(Beginning of MATERIAL FOR THIS TASK)
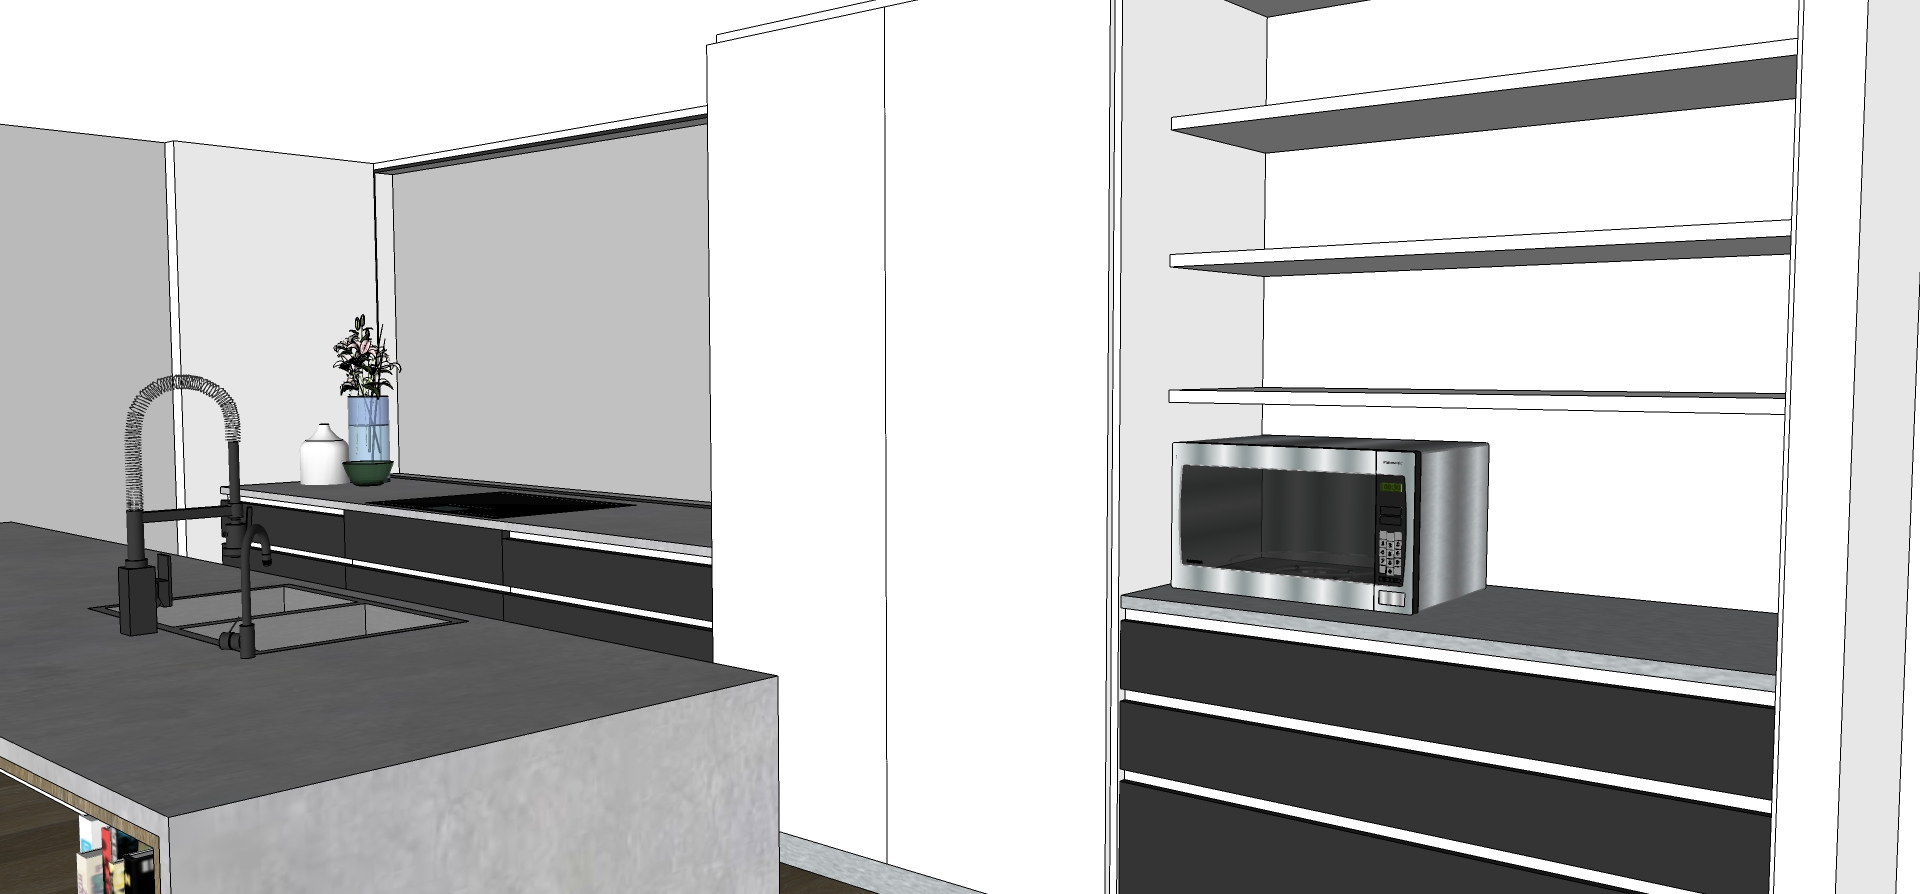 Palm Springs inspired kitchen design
(End of MATERIAL FOR THIS TASK)
(Beginning of MATERIAL FOR THIS TASK)
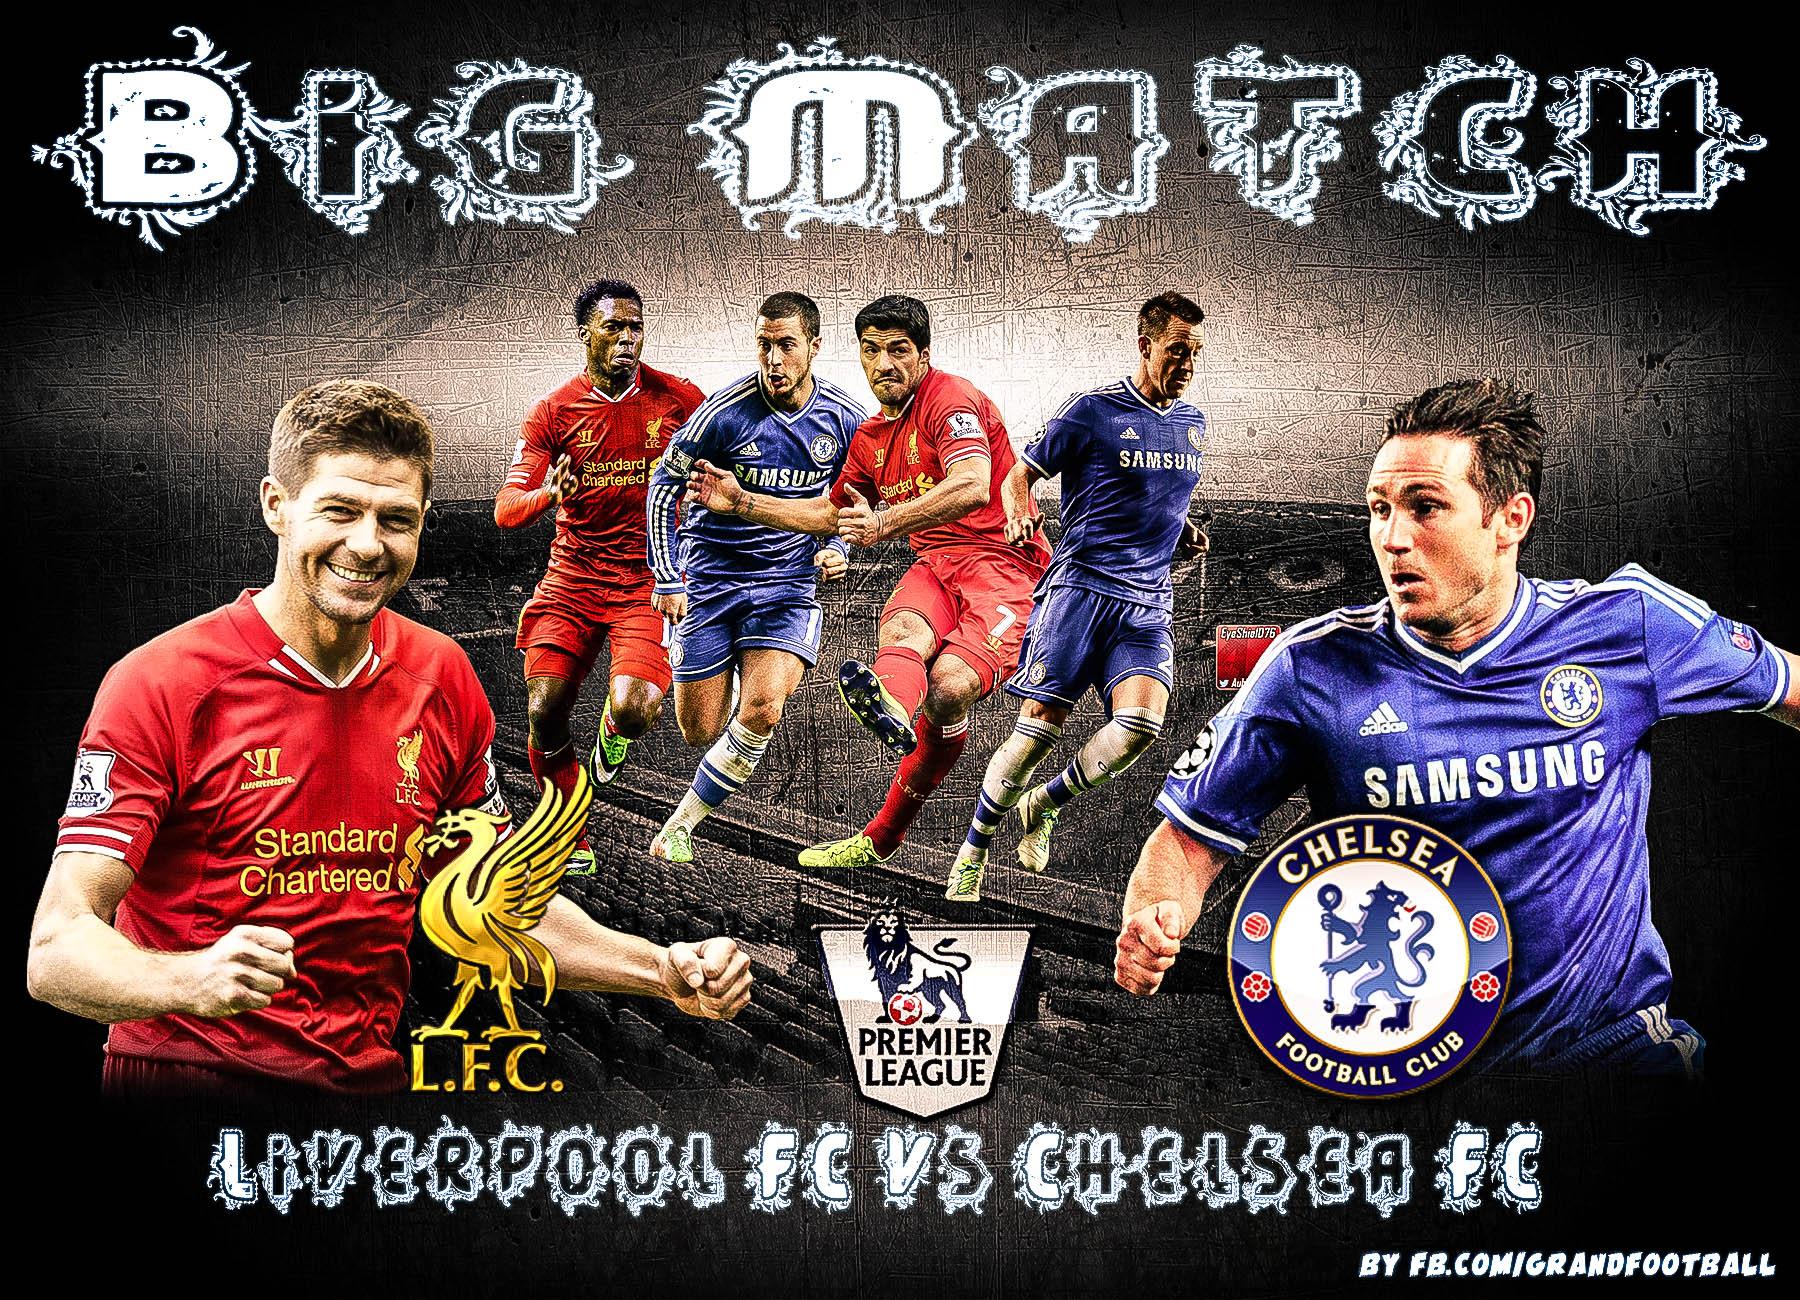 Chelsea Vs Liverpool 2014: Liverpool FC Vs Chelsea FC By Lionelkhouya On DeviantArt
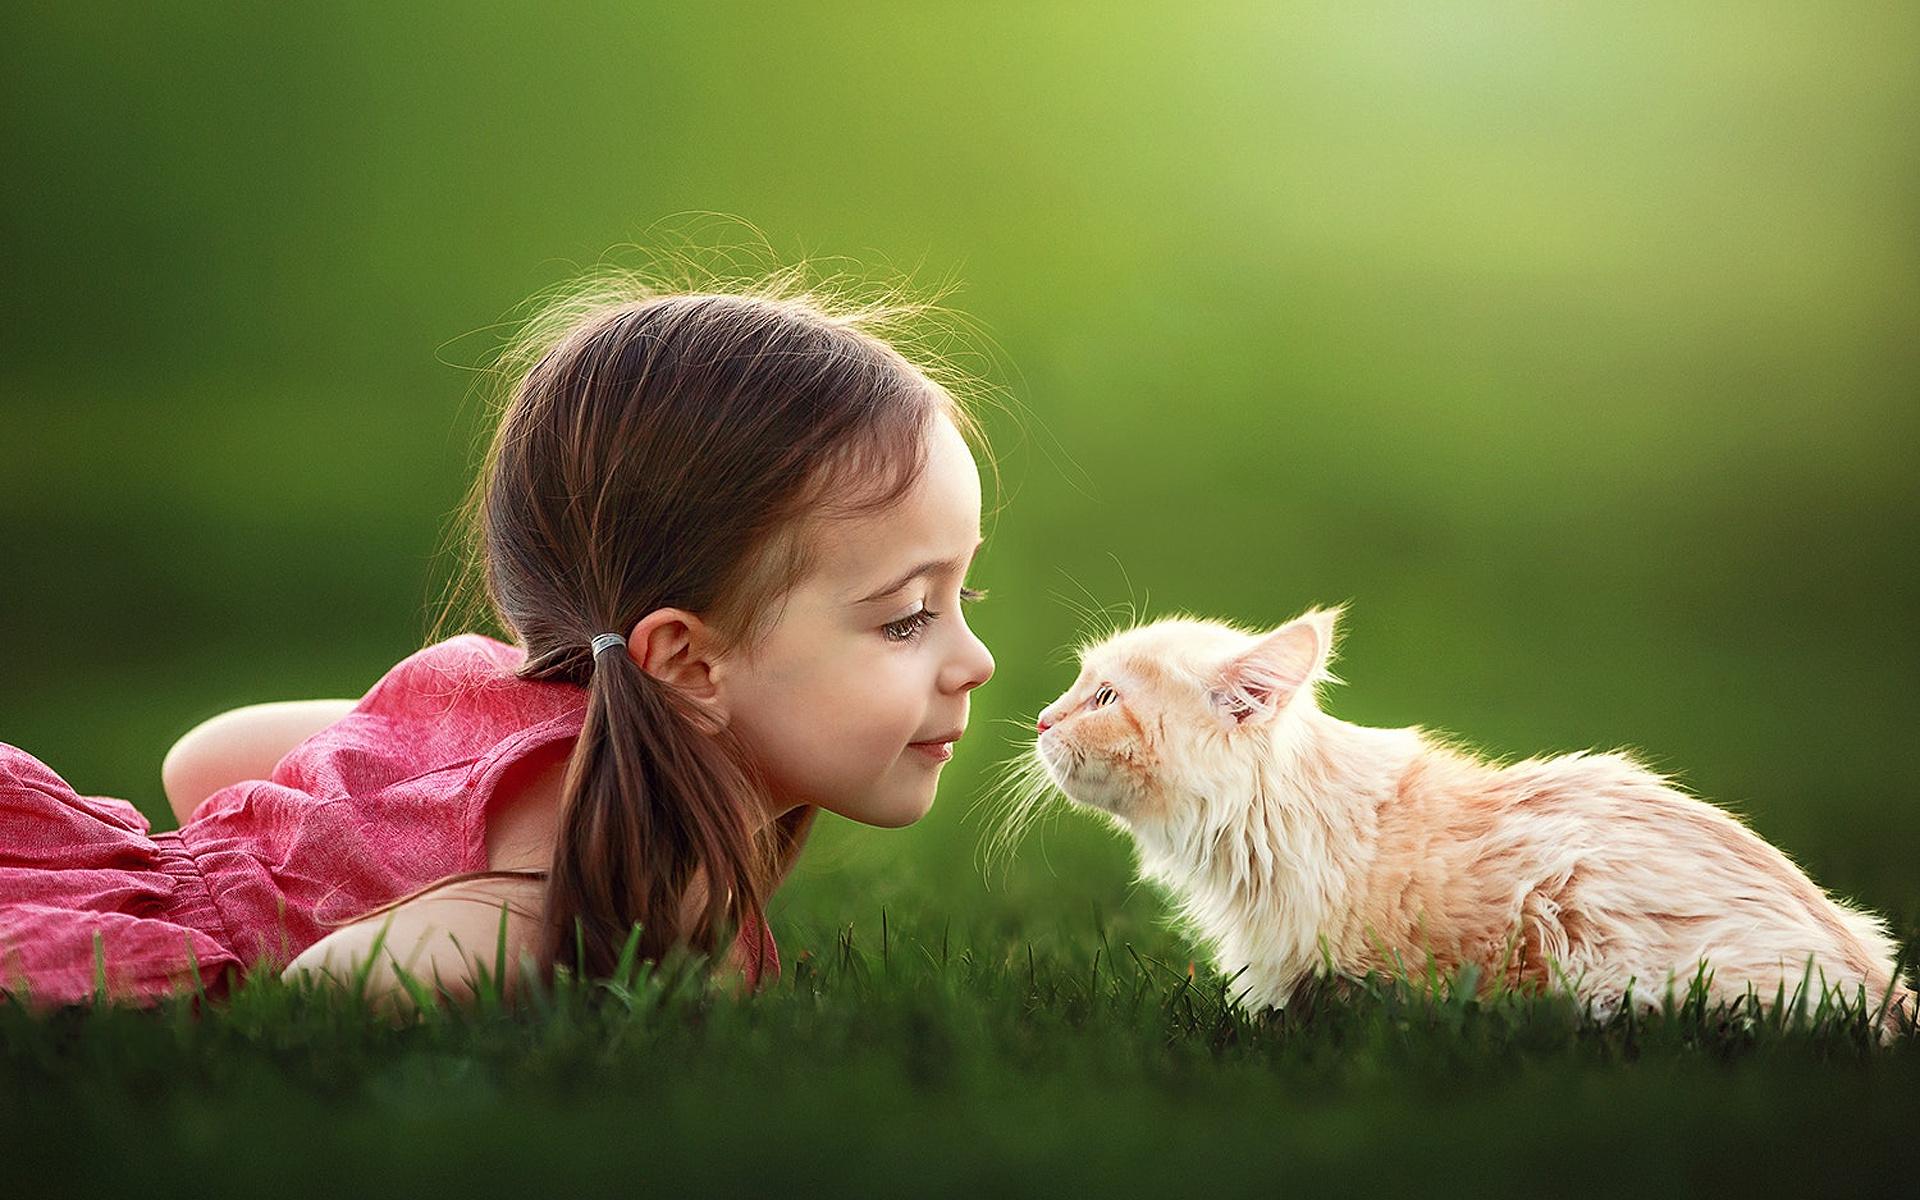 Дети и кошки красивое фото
(End of MATERIAL FOR THIS TASK)
In the listing above, find the line with "Chelsea Vs Liverpool" and the line with "Дети и кошки красивое фото". Set down exactly those lines and everything between them, skipping pictures.

- **WORKED SOLUTION**:
 Chelsea Vs Liverpool 2014: Liverpool FC Vs Chelsea FC By Lionelkhouya On DeviantArt
 Дети и кошки красивое фото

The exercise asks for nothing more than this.